The final rule also introduces explanatory notes regarding the definition of “develop” as it relates to AI systems. The notes state that an entity must “develop” an AI system in order to be subject to the rules – a term that is defined to include actions such as “design or substantive modification.” However, a note added to both the prohibition and notification provisions states that “a person customizing, configuring, or fine-tuning a third-party AI model or machine-based system strictly for its own internal, non-commercial use (e.g., not for sale or licensing) would not implicate the [notification or prohibition] requirements for related transactions solely on that basis unless the person’s internal, non-commercial use is for” any of the proscribed end uses.
It is not clear what this note would mean for certain types of transactions, including a transaction with a Chinese consumer technology company that customizes a third-party AI system that was trained using a computing power above the threshold described in the rule for its operations. For example, would a Chinese food delivery app that customizes a third party’s AI system trained using more than 10^23 computational operations to improve its food delivery service be doing so for “internal, non-commercial use”? Although the company would not be customizing the AI system itself for “sale or licensing,” the AI system’s customization would have a commercial purpose. The Treasury Department may address such ambiguities in future guidance.

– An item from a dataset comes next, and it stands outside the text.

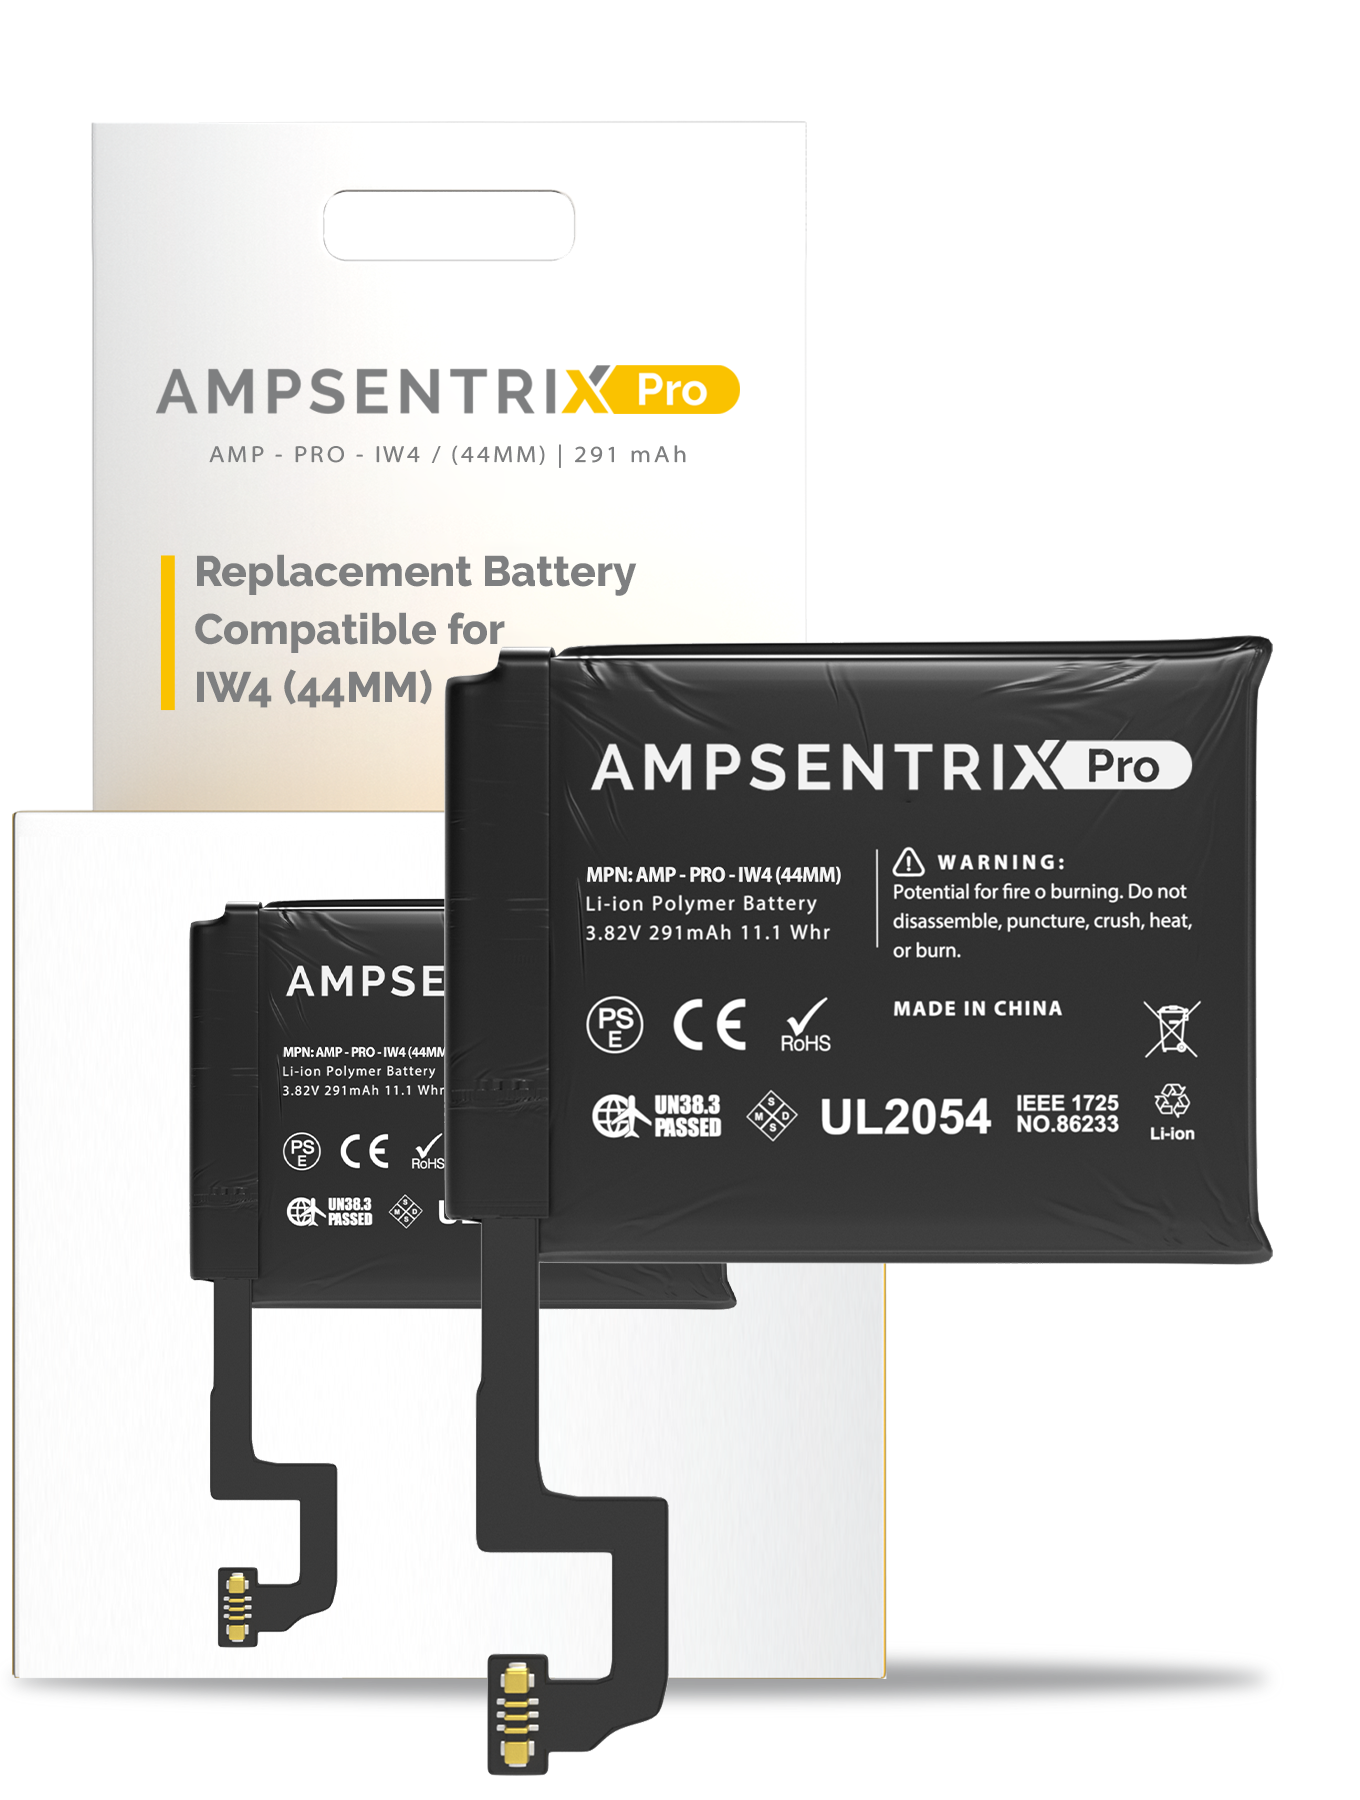 Replacement Battery Compatible For Watch Series 4 (44MM) (AmpSentrix Pro)

The final rule also clarifies which intracompany transfers are subject to the regime. In particular, it excepts transactions between a U.S. person and its controlled foreign entity that “supports ongoing operations that are not covered activities or that maintains covered activities” that were ongoing prior to the effective date of the rule (i.e., January 2, 2025). Thus, the regulations allow a U.S. entity to continue to support its foreign subsidiary’s preexisting covered activities, as well as other non-covered activities, without triggering notification requirements or prohibitions. However, a U.S. company’s transaction that supports its foreign subsidiary’s engagement in new covered activities could be subject to either the notification requirement or prohibition, depending on the activity.
Conclusion
The final rule on outbound investment is scheduled to take effect on January 2, 2025. Although this final rule represents the culmination of the Biden Administration’s efforts to regulate outbound investment, the regime as a whole is likely to continue to evolve in the future. For example, the President could continue to use executive authority to impose additional restrictions on U.S. outbound investment to China, including adding covered sectors, regardless of who wins the November 2024 presidential election.

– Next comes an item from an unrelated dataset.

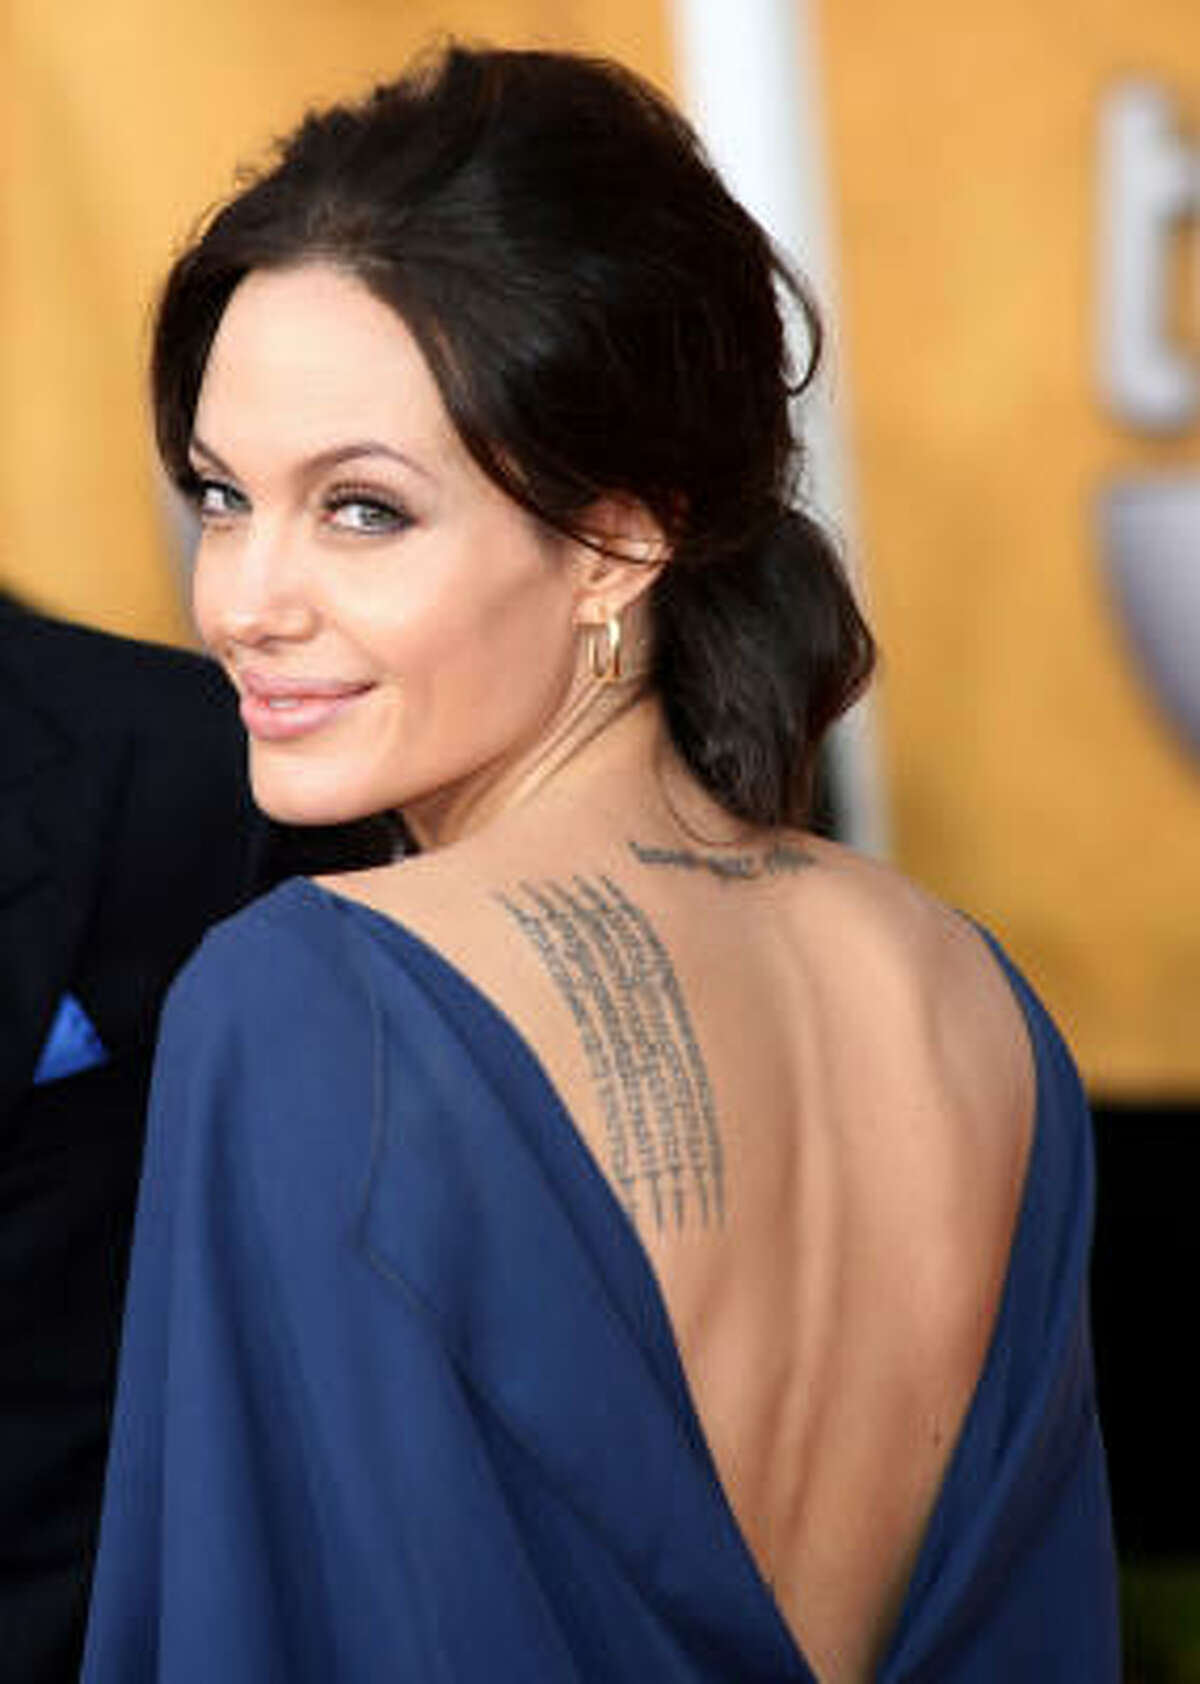 Angelina Jolie. Because we think her attempts to create her own rainbow tribe are sheer narcissism.

Additionally, Congress has debated two alternative approaches to restricting outbound investment, namely sector-based generally take a similar approach to the final rule, and list-based proposals, which would result in the outbound investment regime operating similarly to existing economic sanctions programs. There does not appear to be consensus on which approach is better, and Congress has not taken any actions to supersede or augment the former approach taken by the Biden Administration. In any event, legislative action is unlikely at least until the new Congress is seated in January.

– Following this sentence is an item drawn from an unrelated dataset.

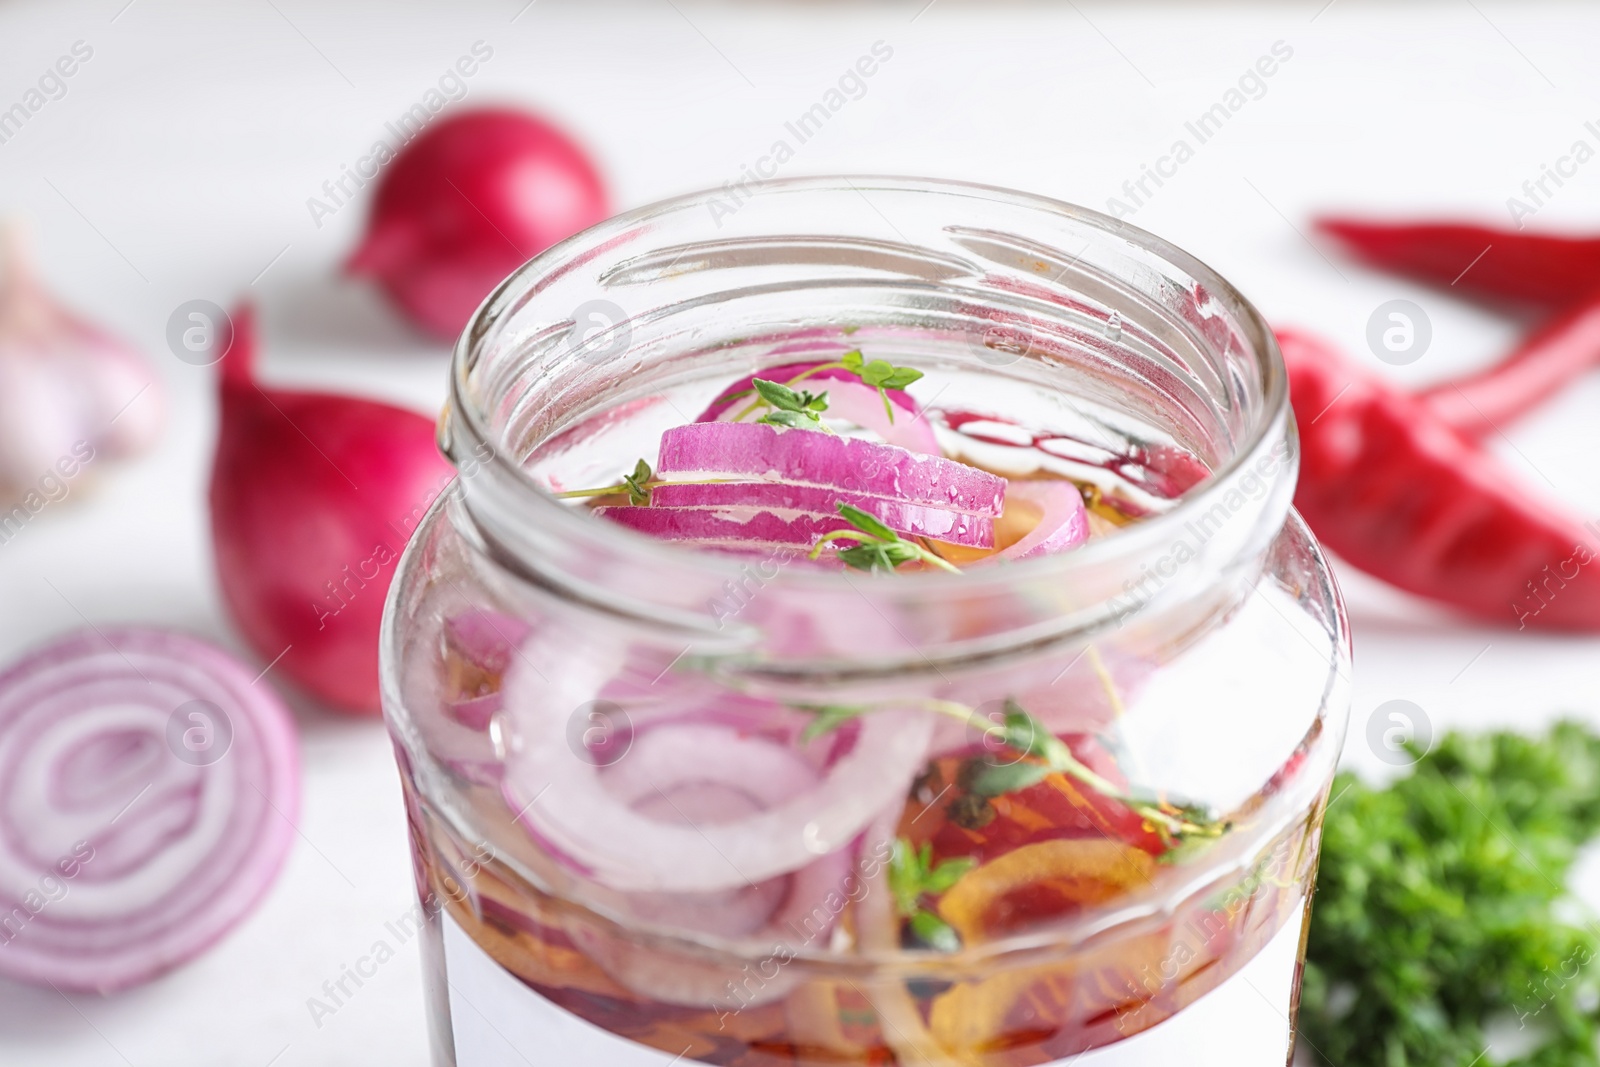 Photo of Jar of pickled onions on table, closeup

Finally, the U.S. government is likely to encourage partners and allies to adopt similar restrictions in the future – just as it has done since 2018 with rules governing inbound foreign investment and more recently with export controls and other China-targeted economic restrictions. The inclusion of investments with or involving entities in white-listed countries in the definition of “excepted transactions,” discussed above, is one indication of this. International adoption of similar rules will likely determine whether the outbound investment regime is effective at deterring capital flows to China’s strategic industries with significance for U.S. national security.